On the ship to Alexandria there were about 20 operations a day chiefly amputations of arms and thighs for this beastly gas gangrene. It is absolutely appalling how many poor fellows were thus maimed for life if they ever recovered. We got to Alexandria on Friday only 2 days’ steaming and there disembarked all the light cases and took on about 200 convalescent. We left on Saturday evening and from there home we could cope with the cases better as we had a good deal of help given us by medical officers who were coming home on leave and also by some very efficient RSMC who were patients. However there were still a great many deaths from gas gangrene and some from tetanus and there were a continuous lot of funerals every day, the cases being buried at sea. Fortunately we took on a Presbyterian parson at Alexandria to conduct the funerals as it was really too much for the C.O. who was nearly worked to death with operations. We were all very glad to get away from Alexandria as the heat was really beyond a joke and we were all getting knocked out by it. It was very hot though through the Mediterranean but we had a nice breeze up to Malta which cooled things a bit. The authorities wanted to send on more wounded but suddenly changed their minds and sent us off. We called at Gibraltar for water last Friday and arrived at Southampton on Tuesday morning. We were all very taken with Gibraltar though we were not allowed ashore, it is much bigger and more fertile-looking than I thought and what a beautiful bay that is with Algeria on the other side of it!

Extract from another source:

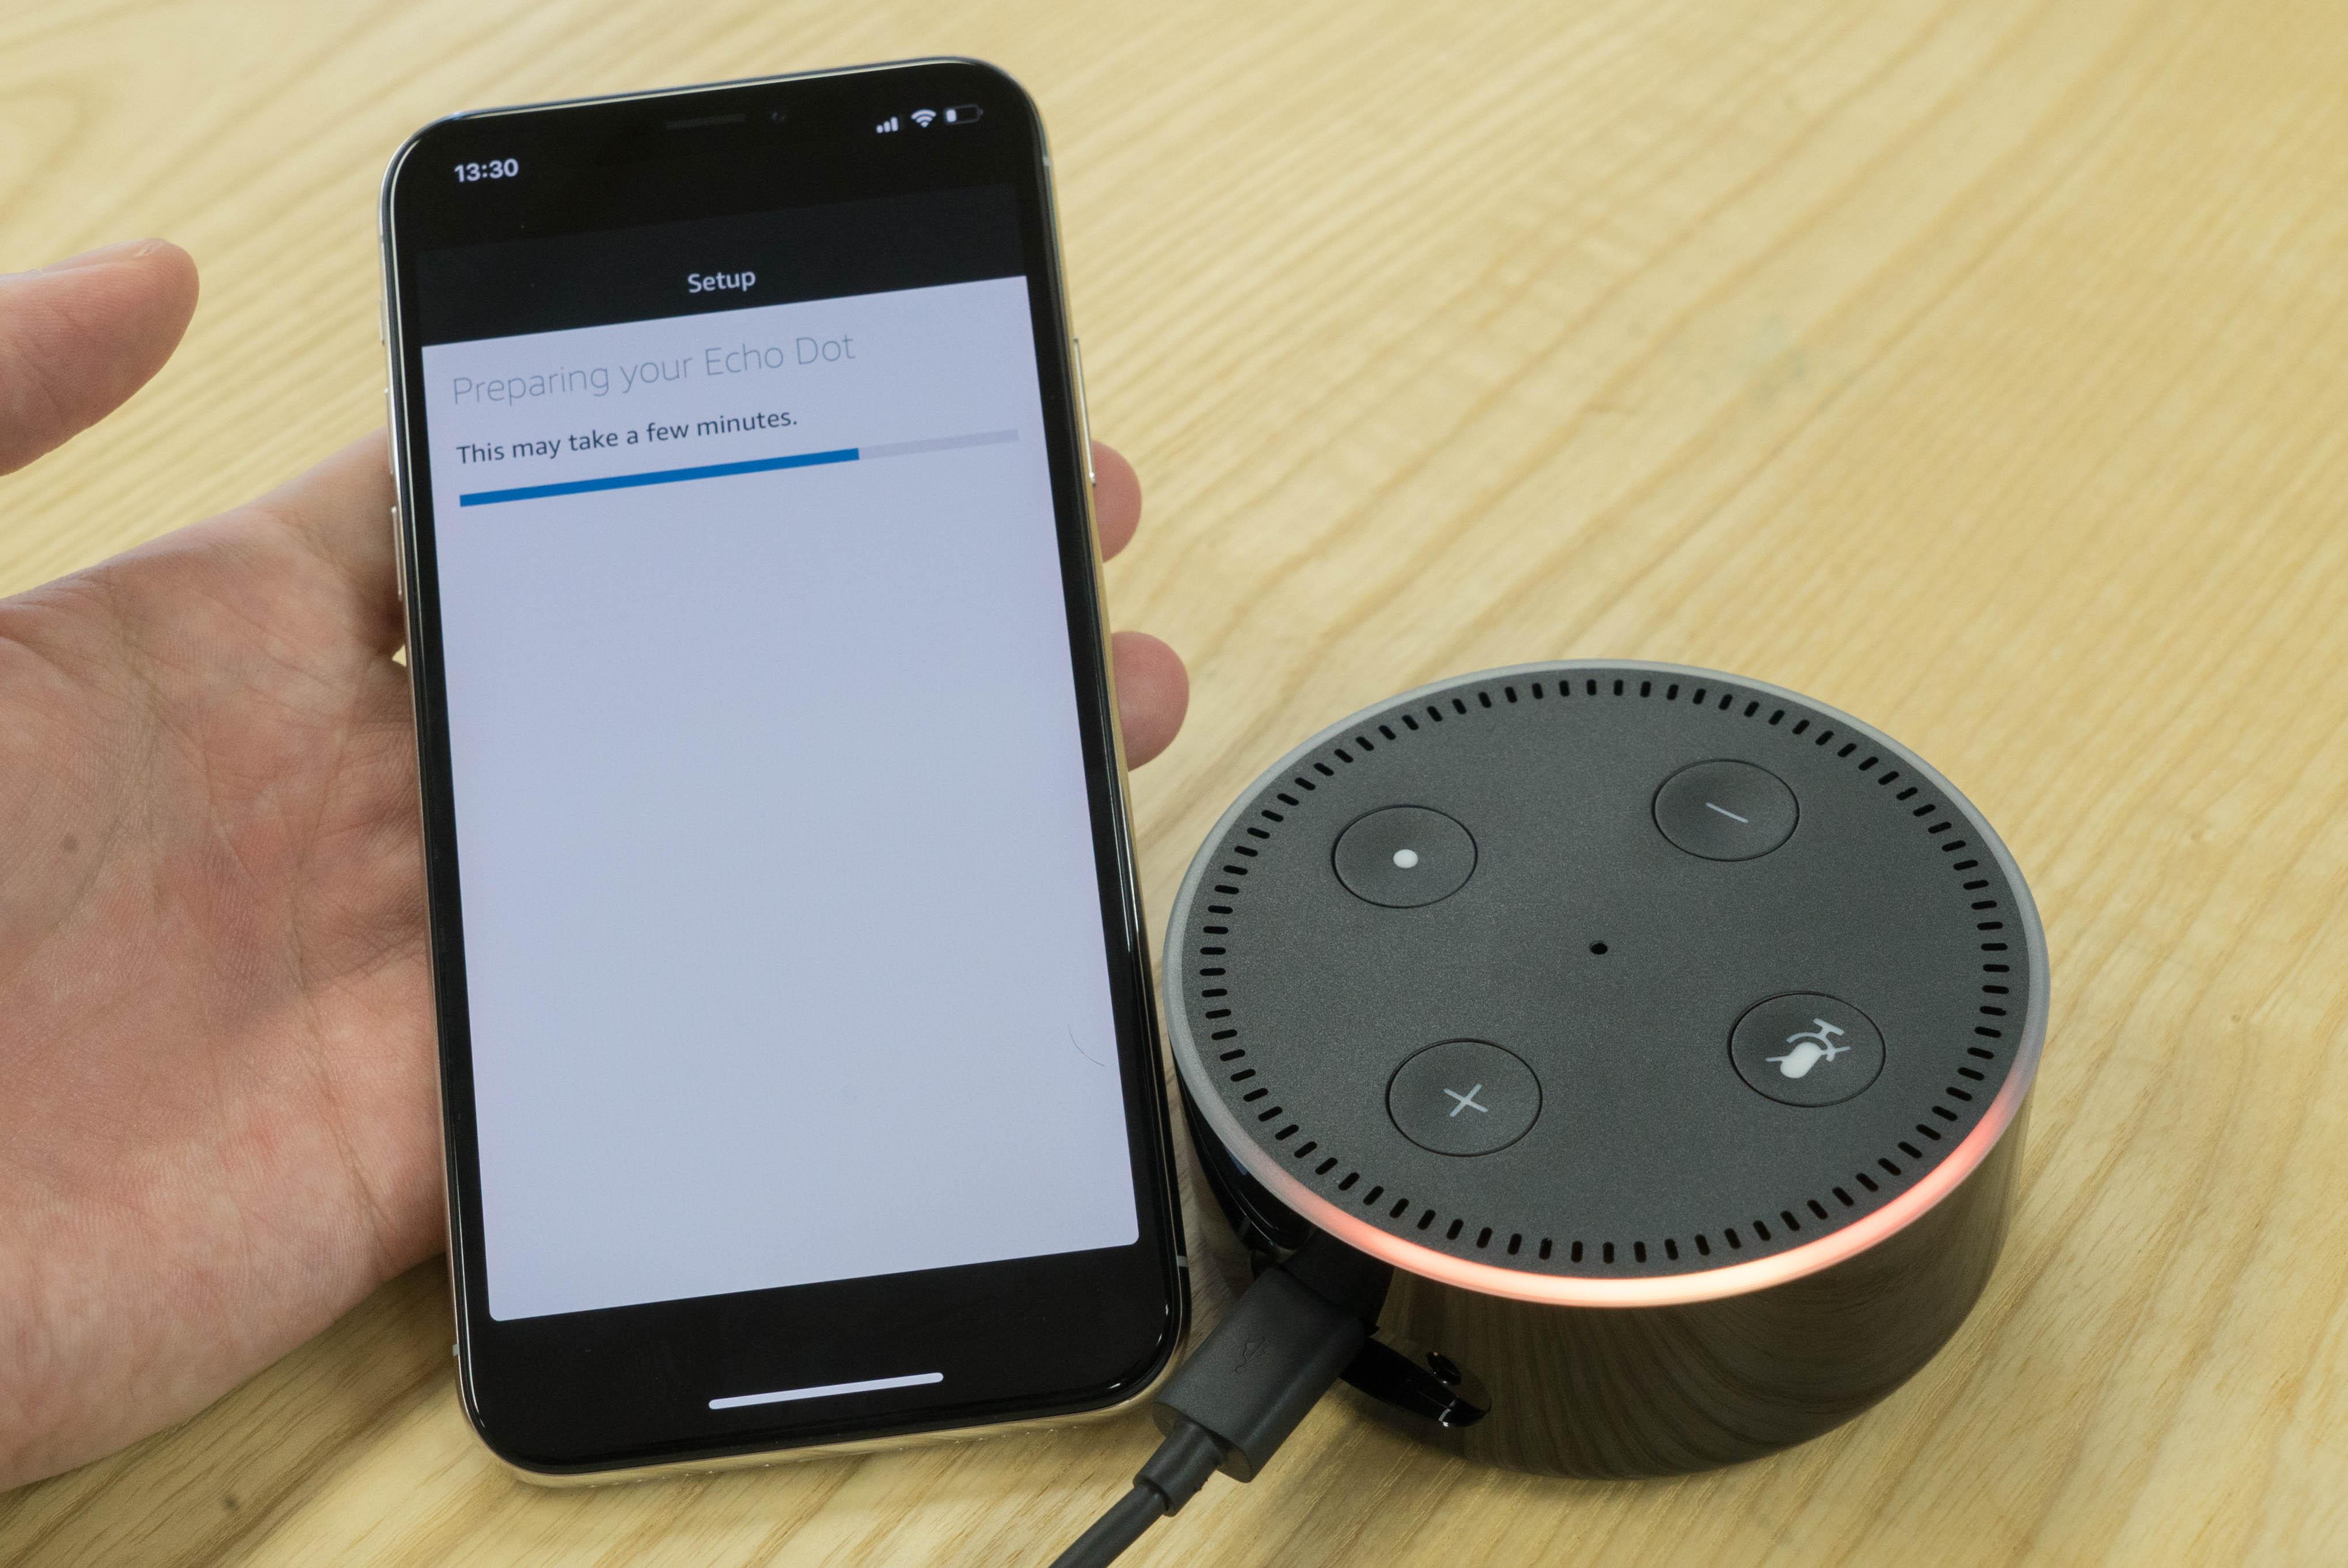 Amazon Echo｣をセットアップする方法。必要なものはスマホ・電源・Wi

When we were at Cape Helles I inquired after Matthew and Frank but couldn’t find out anything about them but they were probably with the Australians [see caption in top image]. Two of my patients were New Zealanders but they belonged to the one and only battery that was operating with the British troops – all the others were with the Australians. Just before we got to Southampton I came across a sergeant in the NZ forces who had his thigh amputated and likewise was wounded in the other leg. He said the Australians mistook him for a Turk and turned a machine gun on him and wounded him in the leg but the wound that necessitated amputation of the thigh was done by a Turk. Well, this man’s name was Clark and he comes from Wellington. He has been in the firm of David Nathan & Co for 20 years and knows Dad by sight. He belongs to the same swimming club as Walter Rawson ………………………………… He seems a very gentlemanly sort of man about 45-50 and wears a ginger moustache and beard like the King. Very extraordinary meeting him, wasn’t it? He said I was the first Wellingtonian he had met and seemed greatly pleased about it.
Oh by the way, I heard from an Australian Army Medical Corps orderly who came back with us from Alexandria that Matthew was with the Australians in charge of a Field Hospital at a place called Gabademe on the Peninsula and that the Turks had been shelling it very heavily. All the Tommies speak very well of the Turks, say they play the game and don’t do dirty tricks. Certainly when we were laying off Gallipoli it was the easiest possible thing for the Turks to fire on us and if one of their shots at the warships went a little wide it might easily have hit us. The Turks don’t deliberately fire on hospitals but as a battery is often placed near, one cannot be surprised if a hospital gets hit. Most of the officers seem to think they ought to get to Achi Baba soon but realise they have a tremendous task in front of them. I certainly think the Turks must be getting short of ammunition as they scarcely ever reply to the warships fire and never do any big gun firing at night so that the nights are almost quite quiet with the exception of some rifle firing.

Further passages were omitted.